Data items
--

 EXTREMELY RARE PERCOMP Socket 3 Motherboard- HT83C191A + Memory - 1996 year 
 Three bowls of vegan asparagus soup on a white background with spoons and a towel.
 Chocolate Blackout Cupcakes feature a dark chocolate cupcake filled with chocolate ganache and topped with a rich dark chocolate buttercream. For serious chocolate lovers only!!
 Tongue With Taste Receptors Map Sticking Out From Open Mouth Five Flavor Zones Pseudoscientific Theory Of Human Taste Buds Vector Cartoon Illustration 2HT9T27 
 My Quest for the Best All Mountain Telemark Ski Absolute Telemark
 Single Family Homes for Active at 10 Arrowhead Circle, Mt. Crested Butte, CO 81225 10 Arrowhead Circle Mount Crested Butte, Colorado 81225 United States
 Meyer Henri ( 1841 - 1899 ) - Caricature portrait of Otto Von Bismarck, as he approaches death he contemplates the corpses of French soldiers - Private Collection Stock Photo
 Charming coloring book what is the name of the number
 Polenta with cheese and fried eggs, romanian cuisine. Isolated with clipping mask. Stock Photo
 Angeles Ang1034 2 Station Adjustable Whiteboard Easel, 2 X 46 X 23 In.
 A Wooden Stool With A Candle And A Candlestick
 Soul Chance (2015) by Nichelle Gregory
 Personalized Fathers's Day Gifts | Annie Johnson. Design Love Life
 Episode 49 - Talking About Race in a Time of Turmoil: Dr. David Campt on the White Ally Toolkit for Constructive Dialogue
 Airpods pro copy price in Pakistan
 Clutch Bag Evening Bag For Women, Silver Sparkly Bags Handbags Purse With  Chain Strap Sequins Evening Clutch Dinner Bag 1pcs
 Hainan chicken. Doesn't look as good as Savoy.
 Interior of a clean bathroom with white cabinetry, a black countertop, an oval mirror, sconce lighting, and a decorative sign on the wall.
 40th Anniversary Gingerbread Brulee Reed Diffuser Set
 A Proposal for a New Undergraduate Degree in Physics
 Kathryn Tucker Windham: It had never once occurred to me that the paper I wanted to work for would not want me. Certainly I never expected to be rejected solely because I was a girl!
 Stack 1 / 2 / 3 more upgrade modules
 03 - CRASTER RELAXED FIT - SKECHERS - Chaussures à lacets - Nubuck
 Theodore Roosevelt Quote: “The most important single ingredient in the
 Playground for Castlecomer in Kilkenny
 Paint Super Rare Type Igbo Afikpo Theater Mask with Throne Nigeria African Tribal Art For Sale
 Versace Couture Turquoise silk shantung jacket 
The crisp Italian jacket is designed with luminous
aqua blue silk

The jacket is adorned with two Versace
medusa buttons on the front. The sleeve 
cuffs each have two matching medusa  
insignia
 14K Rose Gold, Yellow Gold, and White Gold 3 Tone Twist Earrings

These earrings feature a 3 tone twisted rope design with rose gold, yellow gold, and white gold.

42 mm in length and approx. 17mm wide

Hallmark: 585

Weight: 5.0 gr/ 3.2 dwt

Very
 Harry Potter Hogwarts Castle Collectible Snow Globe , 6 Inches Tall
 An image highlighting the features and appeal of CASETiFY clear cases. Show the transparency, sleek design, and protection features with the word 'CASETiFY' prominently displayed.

--

What is being asked
Only the lines above starting with the one with "Hainan chicken. Doesn't" and going through the one with "A Proposal for" are to be copied, word for word and with both ends kept.

Exercise answer
 Hainan chicken. Doesn't look as good as Savoy.
 Interior of a clean bathroom with white cabinetry, a black countertop, an oval mirror, sconce lighting, and a decorative sign on the wall.
 40th Anniversary Gingerbread Brulee Reed Diffuser Set
 A Proposal for a New Undergraduate Degree in Physics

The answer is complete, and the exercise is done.